You are responsible for your firearm. It does not matter where it is located. Auto, boat, home or cruise ship. The only way to insure that everyone is 100% safe is to have the gun locked in a simple lockbox with a Simplex style (5 button) or similar lockbox that allows accquisition within 3 seconds if needed. ( I have a Cannon")

Not everyone on this forum has the need for these types of 'safes' as they have no children. But, consider this; 1) You have friends over with children present. Child wanders into BR and tradedy! We don't need this scenario.
2) You have friends over for a party, they become innebriated and find your gun by accident after banging some chickadee in your bedroom. 3) Some bad character gets in your house and finds your unlocked home defense tool and either waits for you to get home to rob you, or decides to go on a crime spree. 

Where do you want to keep your house gun 24/7? In a quick access safe.
I happen to have one close directly under my bed, and a second on the first floor of the house under the sofa. These will give you peace of mind and near immediate access to a lethal defensive highly secured in your home.

Well worth the couple hundred bucks. What is it worth in order to protect your family from guns that they may not be familiar with, and to be able to protect them from someone who has no agenda other than to steal, rape and pillage an innocent victim and their family.

Google "Simplex' lock and handgun. I'm sure you will find some good info.


----------



## KS Trekker (Apr 4, 2009)

Very good points! Home defense is about more than just firearms. Good physical security should not be overlooked. It may take me a few extra seconds to get my handgun, but hopefully my physical security measures (locks, lighting, alarm, and my two large dogs) should buy me some extra time.


----------



## jdeere9750 (Nov 28, 2008)

So, what kind of small, quick access handgun safe would you all recommend?


----------



## KS Trekker (Apr 4, 2009)

jdeere9750 said:


> So, what kind of small, quick access handgun safe would you all recommend?

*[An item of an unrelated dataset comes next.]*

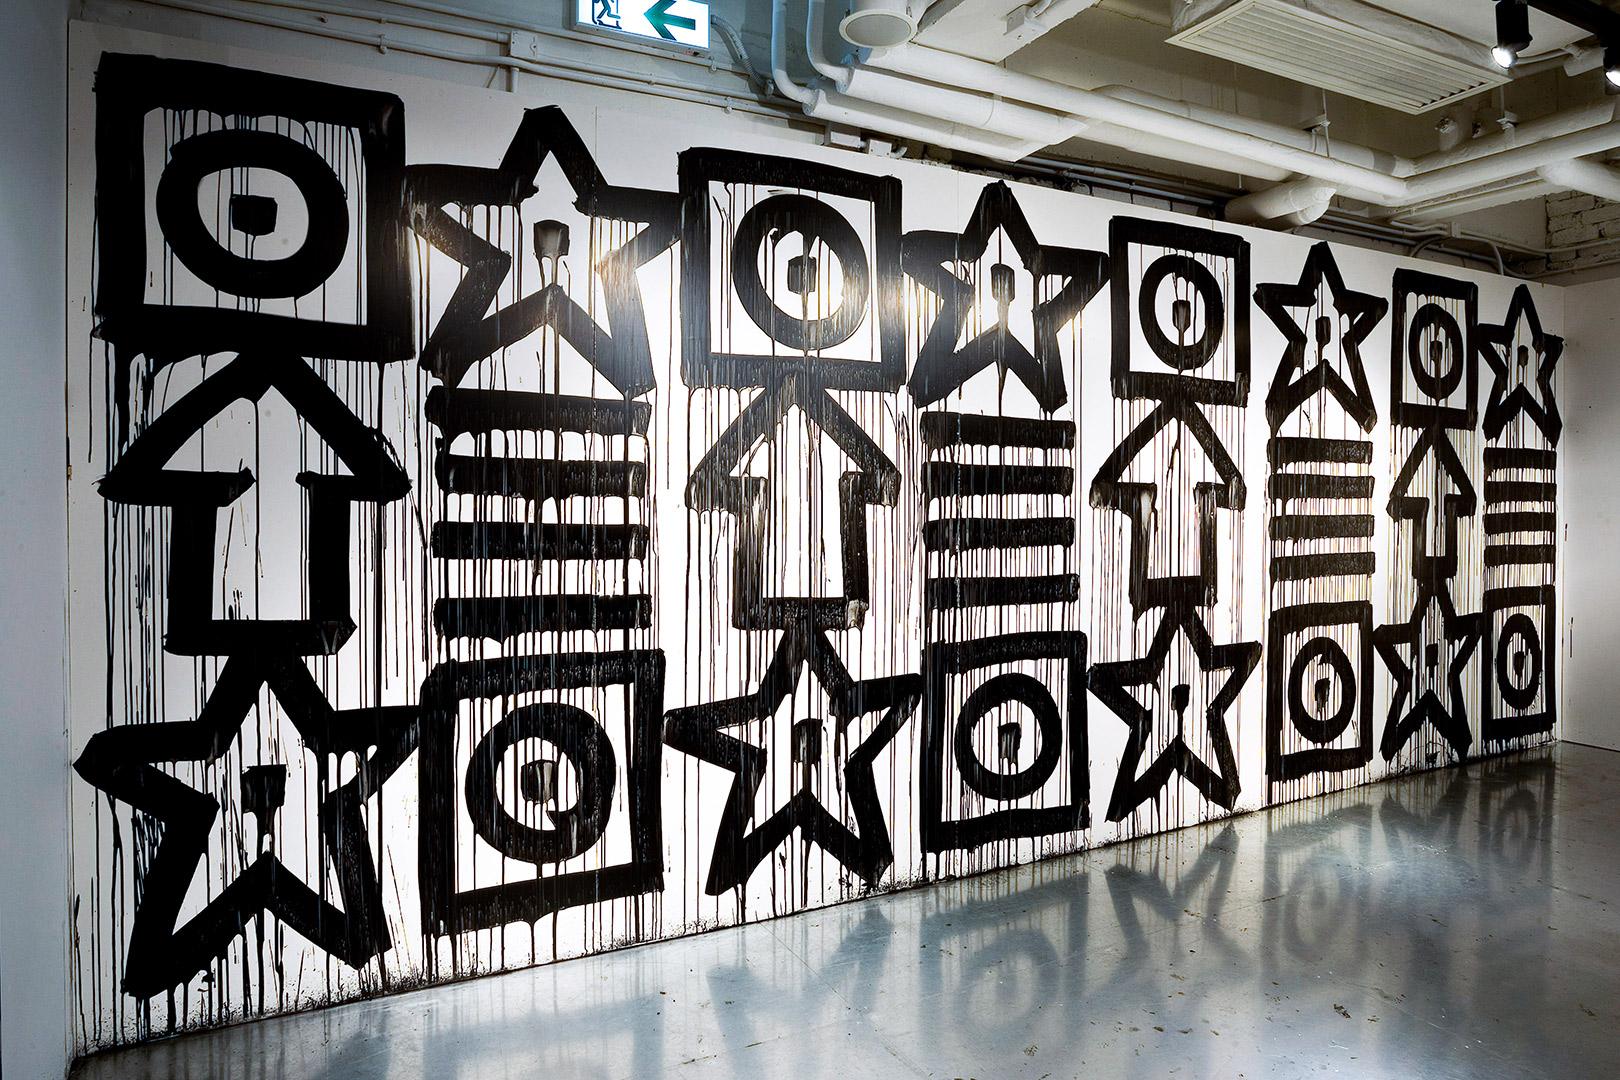 Eric Haze 2008 HOCA installation

I wouldn't recommend the Homak pistol vault










The lock mechanism on mine failed and I ended up taking a prybar to it to get my Glock 19 out. I'll be shopping for a new pistol vault this weekend. I'm hoping that Cabela's will take the Homak back.


----------



## Nightfisher (Aug 12, 2008)

I do not yet own a good safe large enough for my shotgun as well as my pistol, but for the time being the pistol and all my ammo resides in an inexpesive metal lockbox that is bolted to the top of a heavy bookcase at the foot of our bed. My shotgun is kept in a case, but the shells are locked up with the rest of my ammo. When not on my person the pistol is locked in the box. At bedtime I insert the key into the lock before I go to bed to provide quick access should the need arise. In the morning the box either gets re-locked, or the gun is removed and put on my hip. Not the best arrangement, but I have a 9 year old and a 4 month old I do not want to take any chances with. A proper gun safe is in my near future to prevent theft and unautorized handling.


----------



## KS Trekker (Apr 4, 2009)

Nightfisher said:


> I do not yet own a good safe large enough for my shotgun as well as my pistol, but for the time being the pistol and all my ammo resides in an inexpesive metal lockbox that is bolted to the top of a heavy bookcase at the foot of our bed. My shotgun is kept in a case, but the shells are locked up with the rest of my ammo. When not on my person the pistol is locked in the box. At bedtime I insert the key into the lock before I go to bed to provide quick access should the need arise. In the morning the box either gets re-locked, or the gun is removed and put on my hip. Not the best arrangement, but I have a 9 year old and a 4 month old I do not want to take any chances with. A proper gun safe is in my near future to prevent theft and unautorized handling.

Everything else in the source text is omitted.